Currently, the package offers several functionalities, which should ideally be used in a consecutive order to realize a seamless analysis workflow:

  1. construct a portfolio based on an sf object
  2. get resources for the spatio-temporal extent of the portfolio
  3. calculate indicators based on the available resources for each asset in the portfolio
  4. write the results to disk as a GeoPackage and use it with other Geo-Spatial software, or
  5. conduct your statistical analysis in R

Inputs, Outputs

  • an sf object containing only geometries of type 'POLYGON' with arbitrary metadata

  • raster and vector resources matching the spatio-temporal extent of the portfolio will be downloaded and made available locally. These are necessary inputs for the subsequent calculation of indicators, but the raw resource also can be used, e.g. for custom visualizations or analysis. Importantly, the same resource directory can be used for different portfolios or analysis runs, because the matching resources are figured out during run time. Thus, there is no need to store multiple copies of the input resources.

  • the results of the indicator calculation will be added to the portfolio object as nested list columns. This approach makes it feasible to support a variety of indicators with differently shaped outputs (e.g. time variant vs. invariant indicators). When the analysis is done in R, this does not pose serious limitations, because the desired indicator can easily be unnested via tidyr::unnest(). However, if the data was to be shared to use it in other geospatial software (e.g.  QGIS), a routine to write a portfolio object as a GeoPackage to disk is provided. Each indicator will be written to an independent table and a unique identifier allows joining the attributes with the geometries later.

Limitations

  • a potential limiting factor for now is the processing of single very large polygons. While the terra package provides a memory-save framework to process large raster extents, RAM overflows could occur when several large polygons are processed in parallel. We advise to process very large polygons sequentially.

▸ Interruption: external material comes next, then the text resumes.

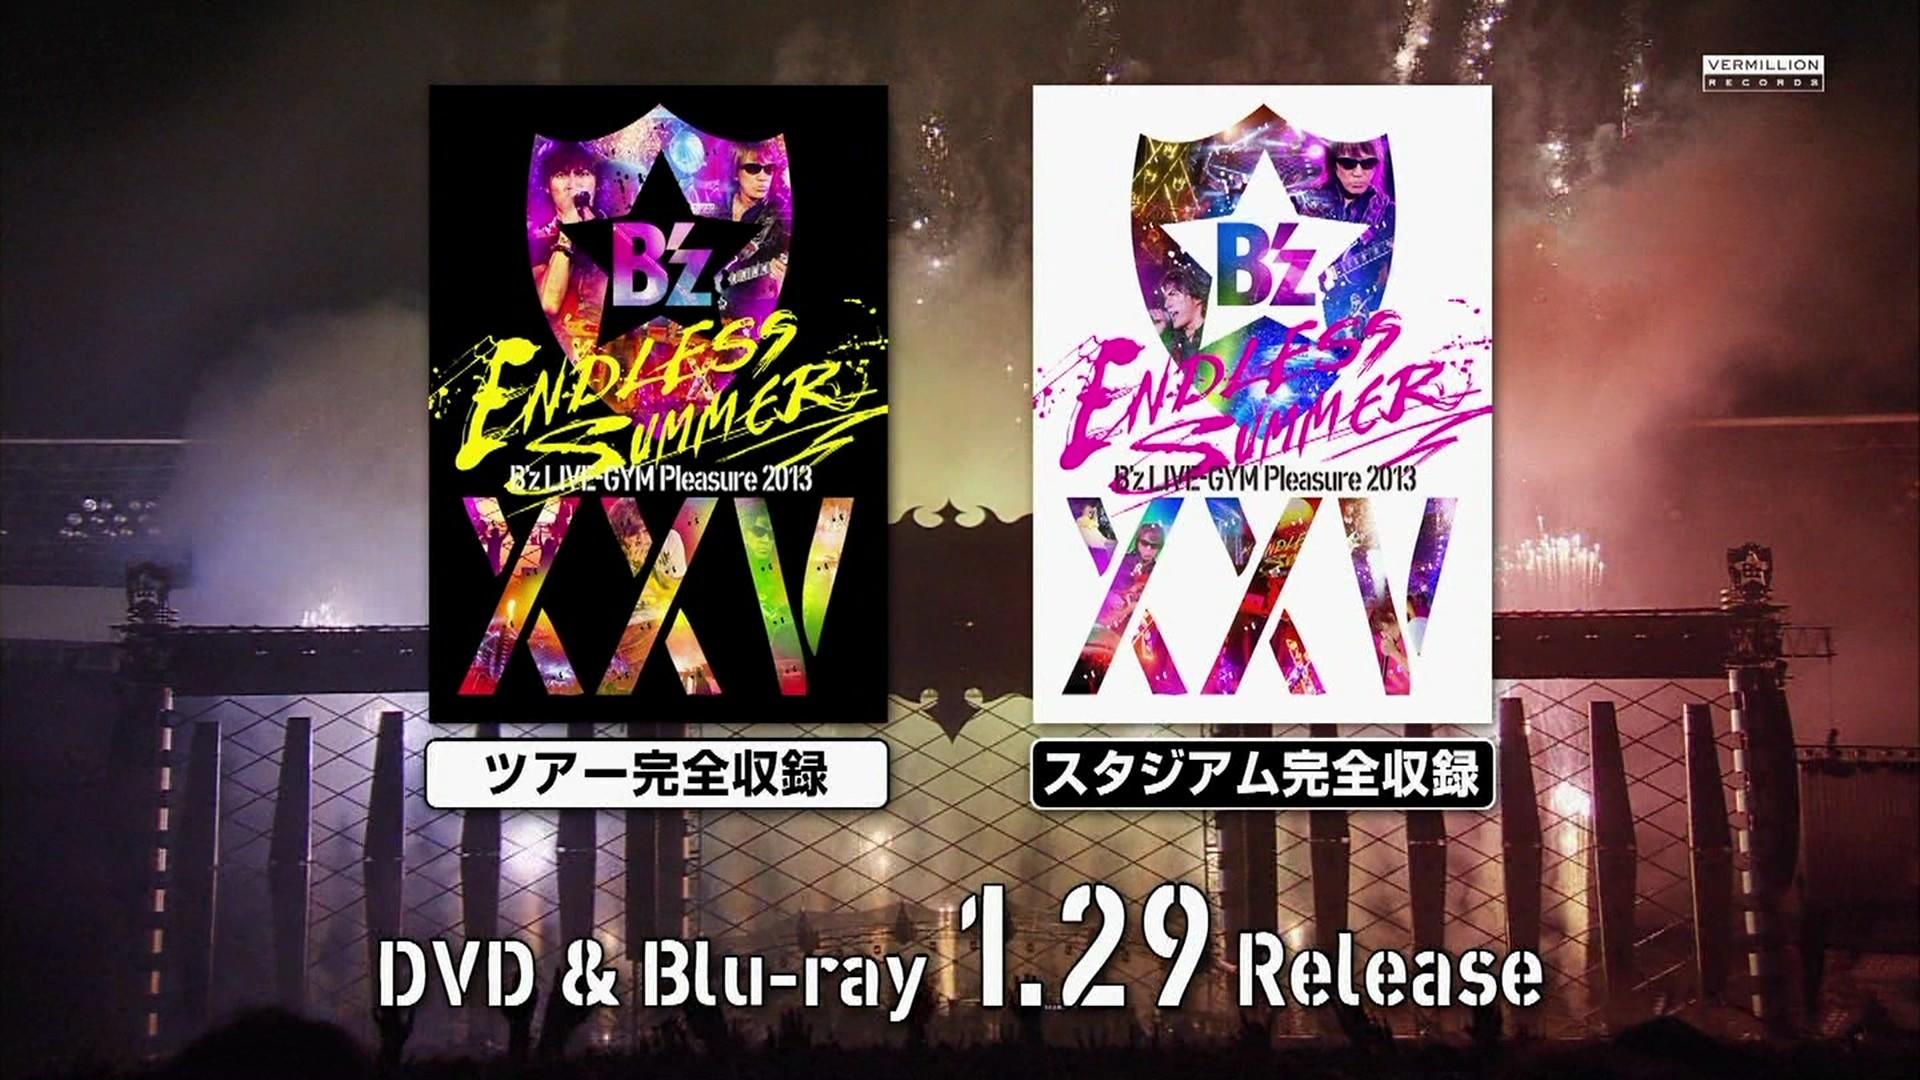 DVD & Blu-ray B'z LIVE-GYM Pleasure 2013-ENDLESS SUMMER ...

  • we took a great effort to evaluate efficient processing routines for each indicator. If you submit a new indicator using a more efficient routine than currently implemented in the package, please contact the maintainers via e-mail, issue or pull-request and we will happily discuss the options how to integrate your routine into the wider framework

We are planning to add new features and to extend the functionality of mapme.biodiversity to address these limitations best possible.